Police Commissioner districts have identical boundaries to the City Council districts. Each commissioner serves a four-year term.

==Controversy==

===Open Meetings Act===
Members and non-members have criticized the commission for alleged violations of the Michigan Open Meetings Act. On April 4, 2019, Robert Davis brought suit against the board alleging that they had been meeting privately with upper-tier members of the Detroit Police Department regarding personnel and business contracts. In response, Wayne County Circuit Court Judge Daniel Hathaway ordered then Chairman Willie Bell to a show cause hearing because the judge was considering a temporary restraining order against the board.

At the April 11, 2019, board meeting, Fifth District Commissioner Willie Burton moved to open all committee meetings to the public. This was the third meeting at which he had made the motion, and it failed to be seconded.

On October 14, Detroit’s Office of the Inspector General found that the Board of Police Commissioners had abused its authority by delegating hiring power to its secretary, Gregory Hicks. The Inspector General initiated the investigation after receiving a complaint on November 14 2019. The investigation concluded that the commission abused its authority in 2016 by delegating its charter-mandated authority to Hicks, which the report said caused violations of the Michigan Open Meetings Act afterwards.

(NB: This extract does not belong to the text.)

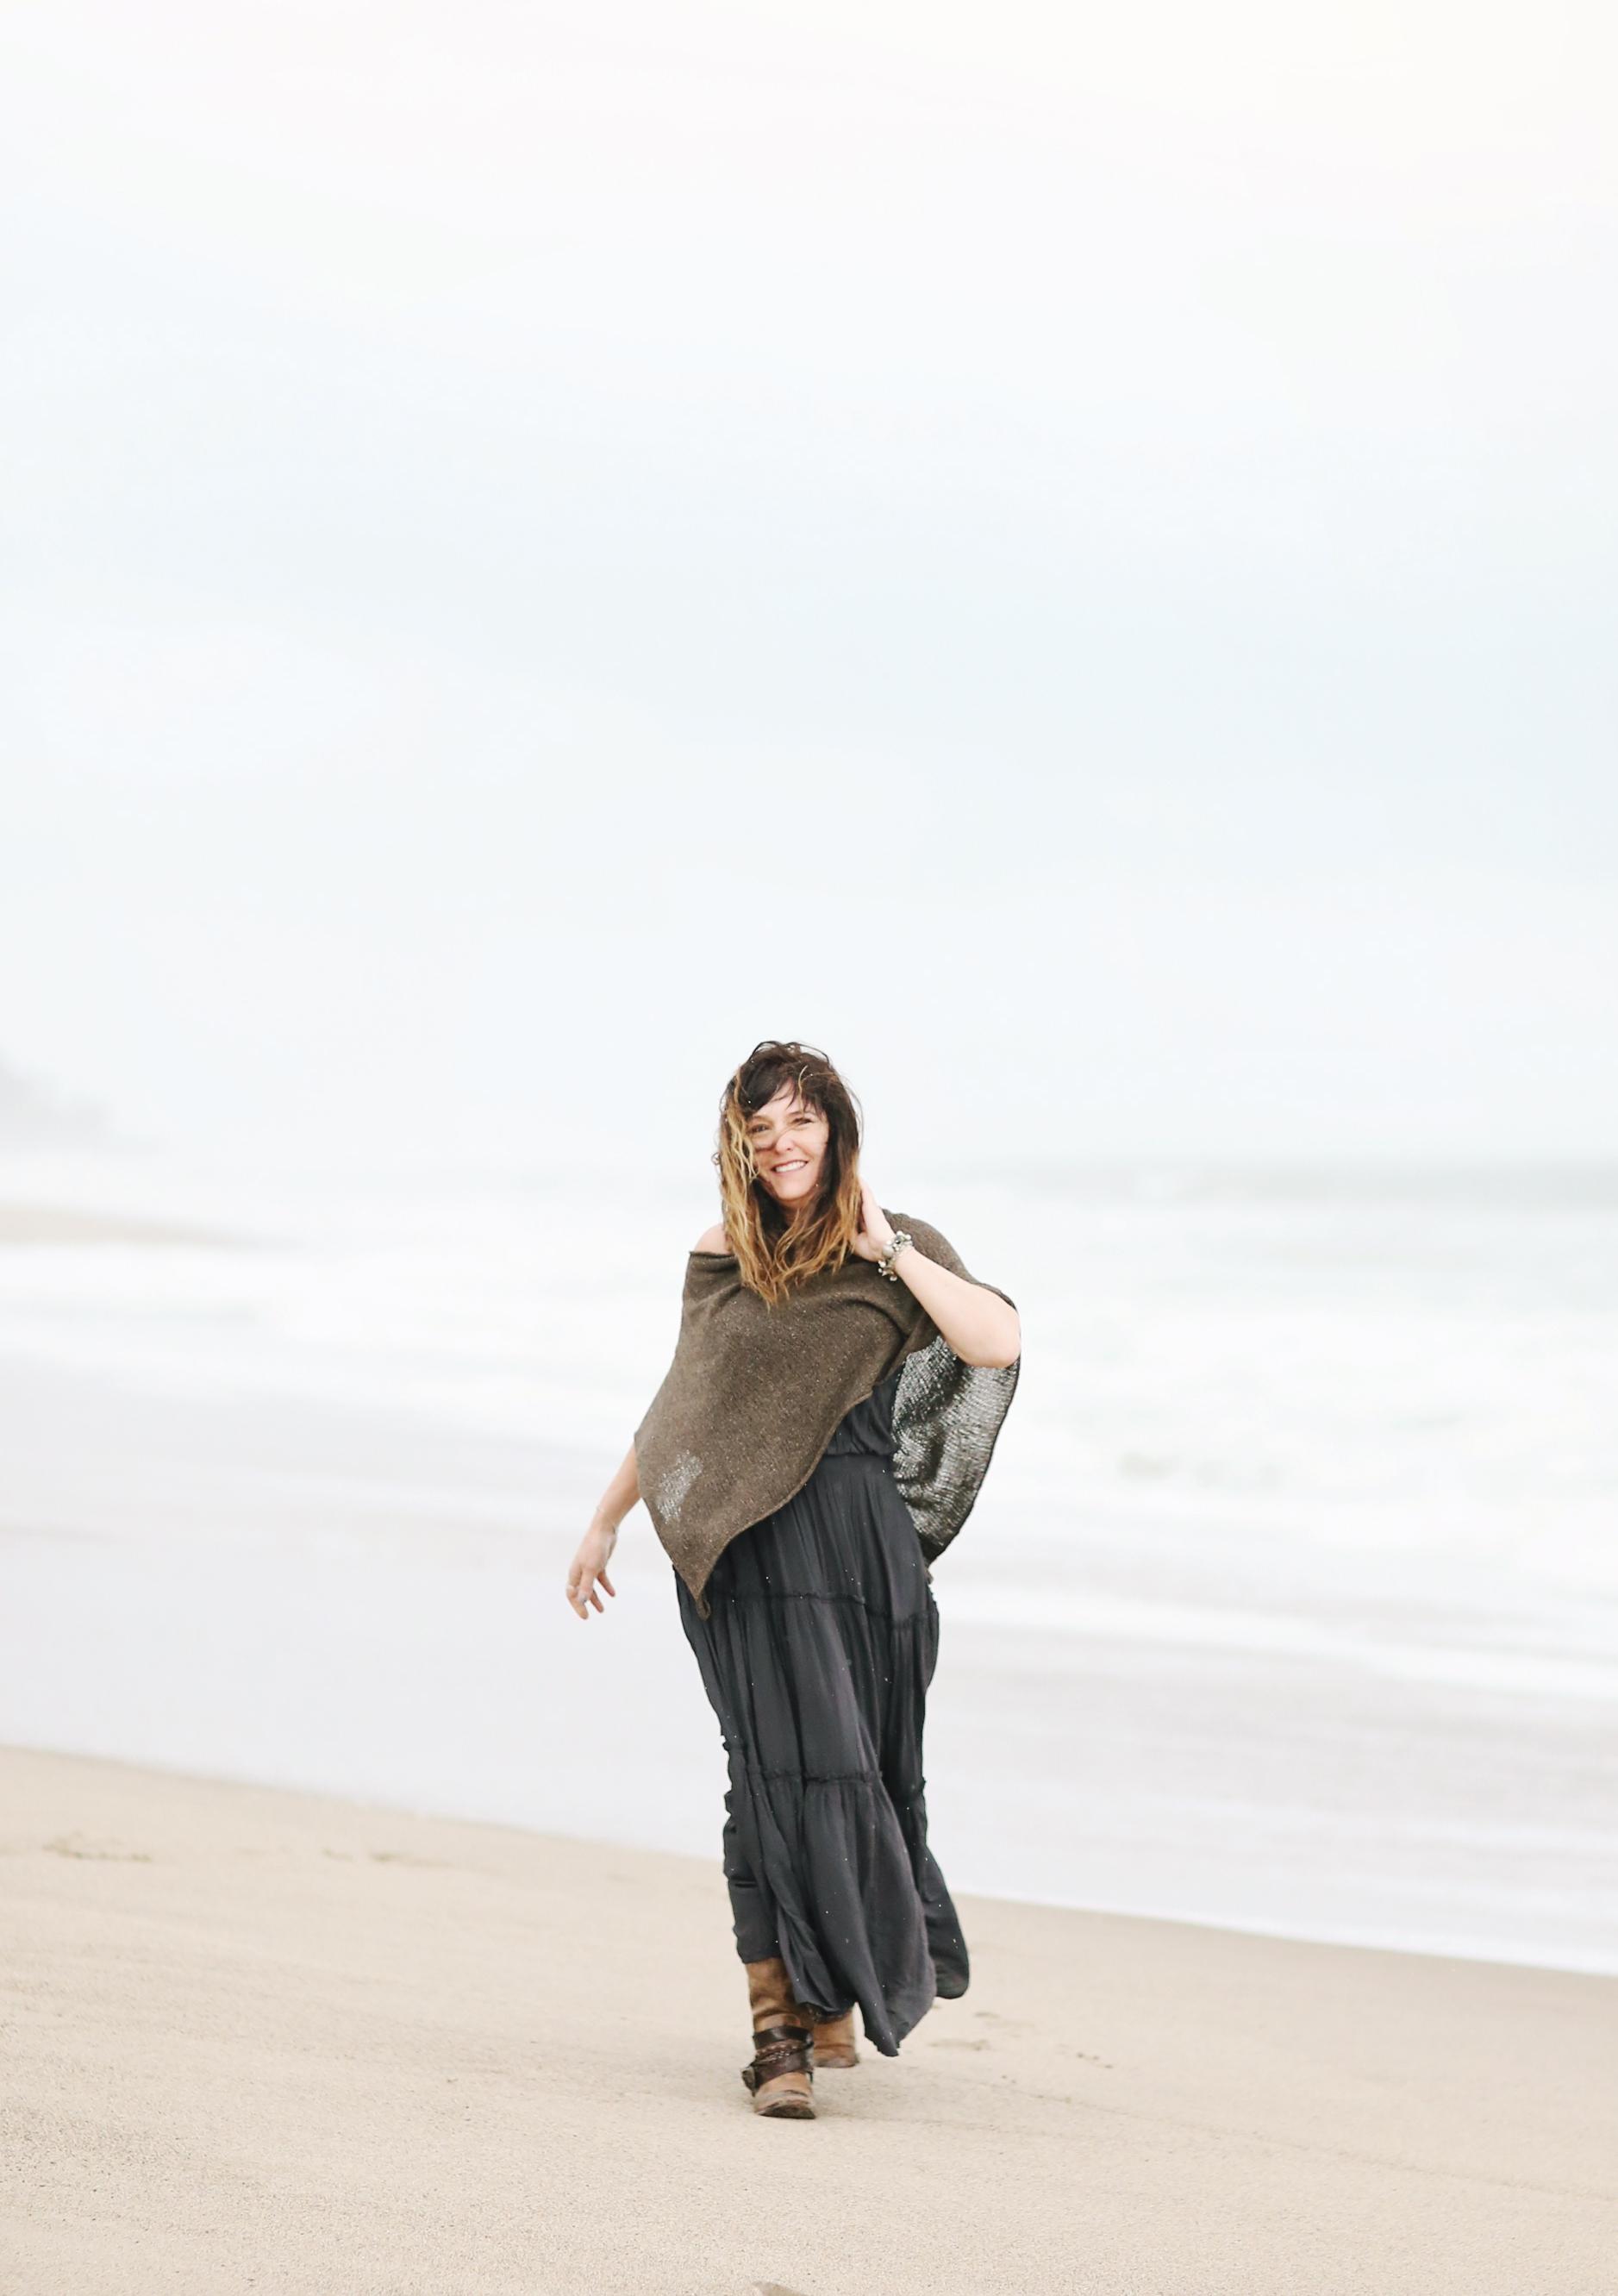 Fine art image of woman walking on the beach in the breeze. Beach portrait.

===Facial Recognition Technology Debate===
The Detroit Board of Police Commissioners received global notoriety after the newly appointed Chair Lisa Carter had Police arrest Commissioner Willie Burton during a meeting. Carter said Burton was arrested for speaking out of turn, while Burton said it was an attempt to silence citizen voices. Many community members had shown up to the meeting to express their disapproval of facial recognition technology. Some of them wore masks in protest.

Facial recognition technology became a matter of local public interest on June 13, 2019, when the board held a meeting to defend a proposed policy on the technology and to hear public comments. They had scheduled a vote on the technology for June 27. The meeting came a year after Detroit agreed to pay surveillance vendor $1 million in order to stream live video to locations where they could monitor it. The Detroit Police had been using the technology for two years at the time of the meeting.

Following the July 11 arrest, Detroit became divided over the technology. At later meetings, the American Civil Liberties Union and other community organizations expressed opposition to use of the technology by law enforcement.

The Board approved a facial recognition technology policy on September 19, 2019, with more restrictions than the police department had originally asked for.